Martedì 14 maggio ho avuto il piacere di moderare un incontro con Sergio Fabbrini, professore di Scienza Politica e Relazioni internazionali all’Universita’ LUISS di Roma, editorialista de Il Sole 24 Ore, sul tema ‘Crocevia Europa’. Fabbrini è uno degli studiosi in materia piu conosciuto nel mondo. Ha ricevuto nel 2017 a Ventotene il premio “Altiero Spinelli”. Di seguito la trascrizione della mia introduzione
Mancano ormai pochi giorni al voto europeo di domenica 26 e il nostro intento non è certo quello di aggiungere un’altra voce, particolarmente intelligente o particolarmente polemica al crescendo di accuse, difese, critiche e confronti cui tutti noi assistiamo.
A un certo punto ci troveremo dentro un seggio elettorale con la matita in mano a tracciare un segno, ma l’ingenua baldanza che muove questo incontro, oltre ad offrire elementi di conoscenza per arrivare a un voto con le idee più chiare, è quello di lavorare sulla posta in gioco: la persona, di cui anche la politica è parte. Per far si che che quando ci sveglieremo la mattina del 27 (anche se il voto è differito nei vari paesi, lo spoglio è simultaneo ) non ci si trovi sotto lo scacco di un moralismo (dovevo fare di più), di un senso di colpa (non è come mi immaginavo) o di un menefreghismo dilagante (tanto non cambia niente).
Una posizione che ‘stia’ davanti alle varie sfide della storia.

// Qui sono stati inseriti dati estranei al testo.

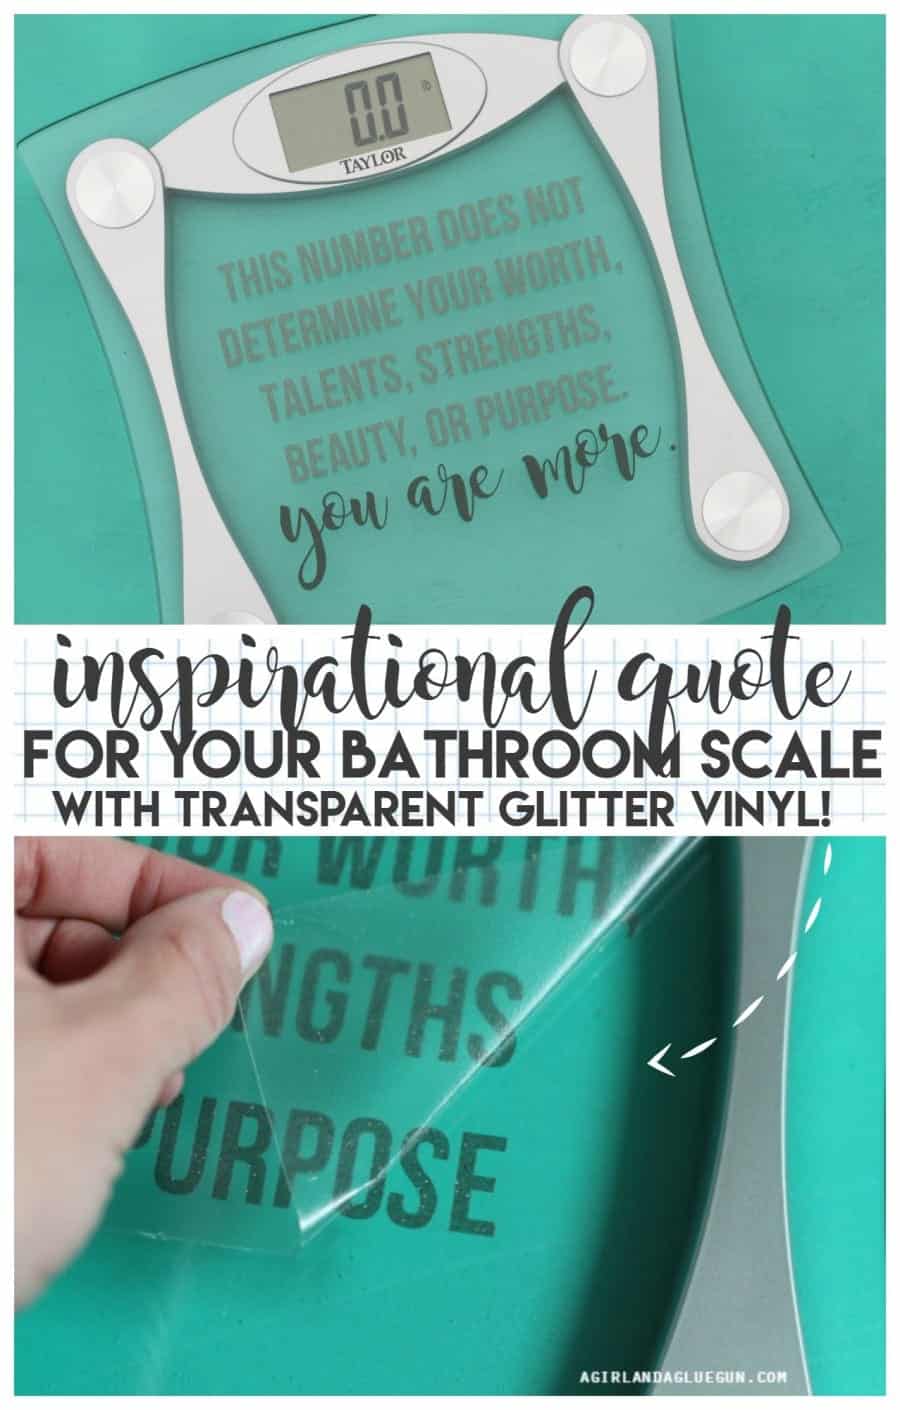 inspirational quote for your bathroom scale with transparent glitter vinyl
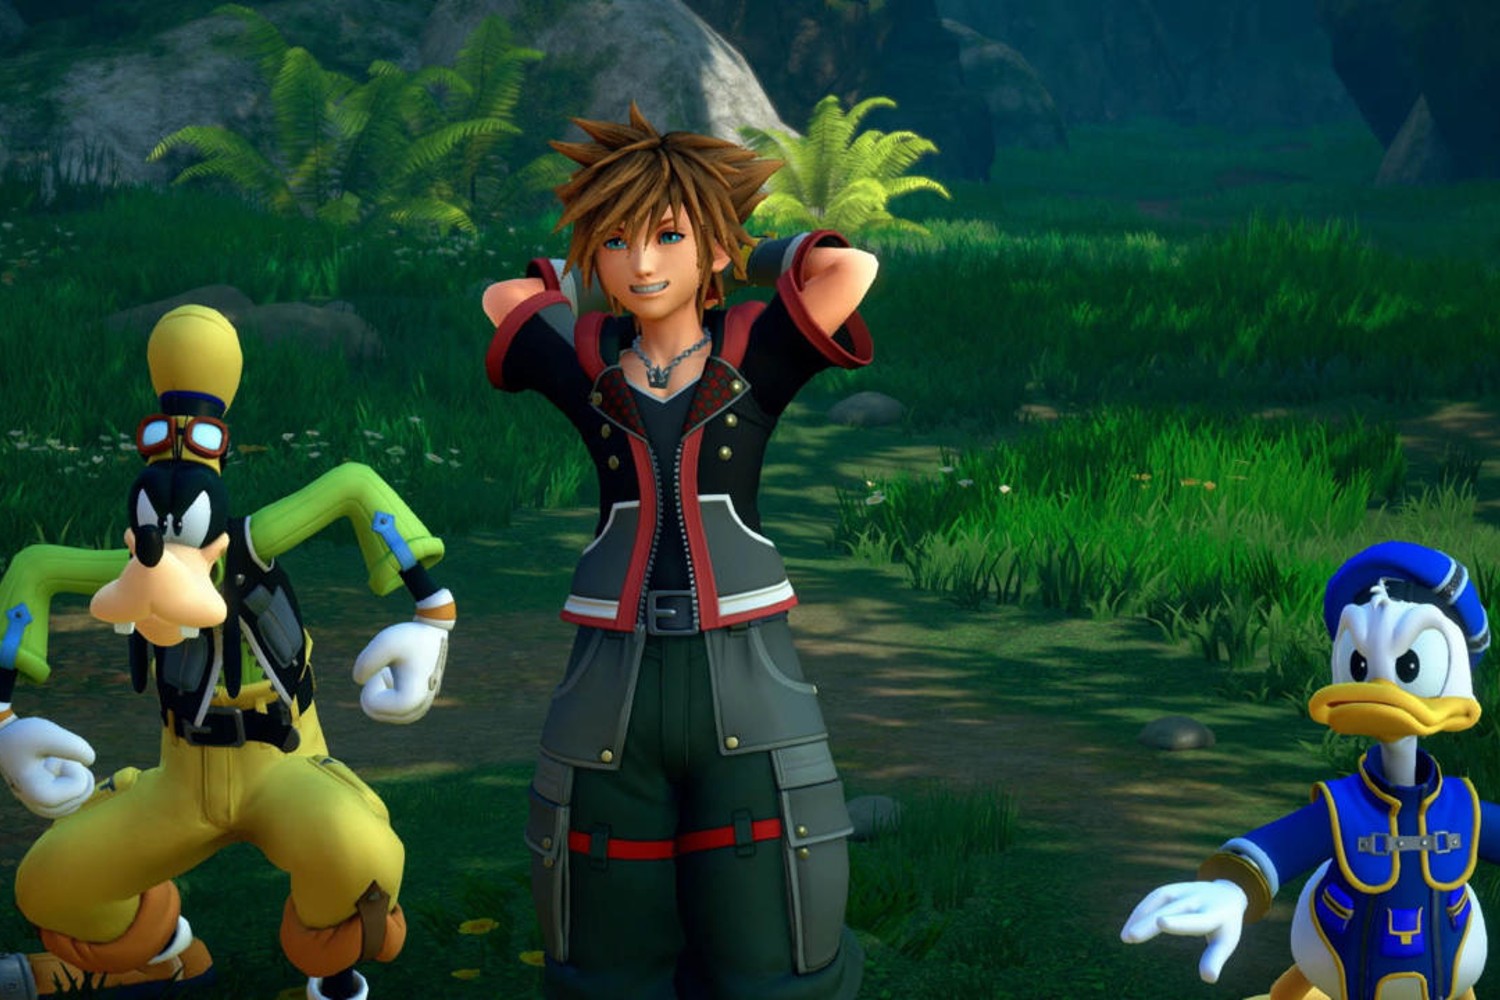 Kingdom Hearts 3 is the best-selling console game in the series

Nonostante l’Europa abbia garantito a quelli della mia generazione settantacinque anni di pace e sia ancora nel mondo paradigma di alcuni aspetti per nulla scontati (pensate solo al concetto di welfare – sanità e educazione – che sperimentiamo e che non esiste in nessun altra parte del pianeta, Stati Uniti compresi, alla possibilità di libera circolazione di uomini e merci, all’Erasmus per i nostri figli alla difesa dell’ambiente con la lotta alla plastica, alla sicurezza farmaceutica, solo per fare alcuni esempi) eppure queste considerazioni lasciano oggi freddi e ostili un numero crescente di persone.
Ci sono tante ragioni di questo: l’eccesso di burocrazia di Bruxelles, la lentezza delle decisioni di Strasburgo, l’impressione che la sovranità dei 27 Stati membri sia frustrata. A cui si aggiungono i morsi di una crisi economica che ha ridotto capacità di spesa sociale e consumi.
Si potrebbe applicare a quanto sta accadendo all’Europa quella riflessione che il responsabile di Comunione e Liberazione don Julian Carron ripete spesso a proposito del momento attuale. In una società dove i baluardi sociali (famiglia, corpi intermedi) si sfasciano, la politica rinuncia agli ideali a favore dei ‘like’, la cultura non produce novità, si assiste alla fine di quel sogno descritto da Kant: un insieme di valori universali slegati dall’appartenenza alla storia che li aveva generati. Pensate per esempio al valore della “solidarietà “ e a che cosa oggi corrisponda nella pratica incontrando l’altro, il diverso, il migrante.
“Europa oggi chi sei?” si è chiesto Papa Francesco ricevendo il Premio Carlo Magno e soprattutto “dove vuoi andare?”
Eppure non tutto è perduto. Mi ha molto colpito poche settimane fa la reazione davanti all’incendio della cattedrale di Notre Dame (che è un simbolo di una delle due anime europee: la greco-illuminista e la giudaico-cristiana). Tutti, non solo i cristiani,si sono sentiti interrogati. E si sono mossi di conseguenza: chi pregando, chi donando soldi. Poi uno ha vissuto quel fatto come momento di nostalgia oppure si e’ chiesto come mai abbia avvertito nella sua anima uno strappo.
Ecco mi sembra che il lavoro di stasera sia un po’ questo: lavorare sulle ragioni di questo ‘strappo’ non con reazioni emotive (in giro ce ne sono anche troppe) ma con una azione di conoscenza.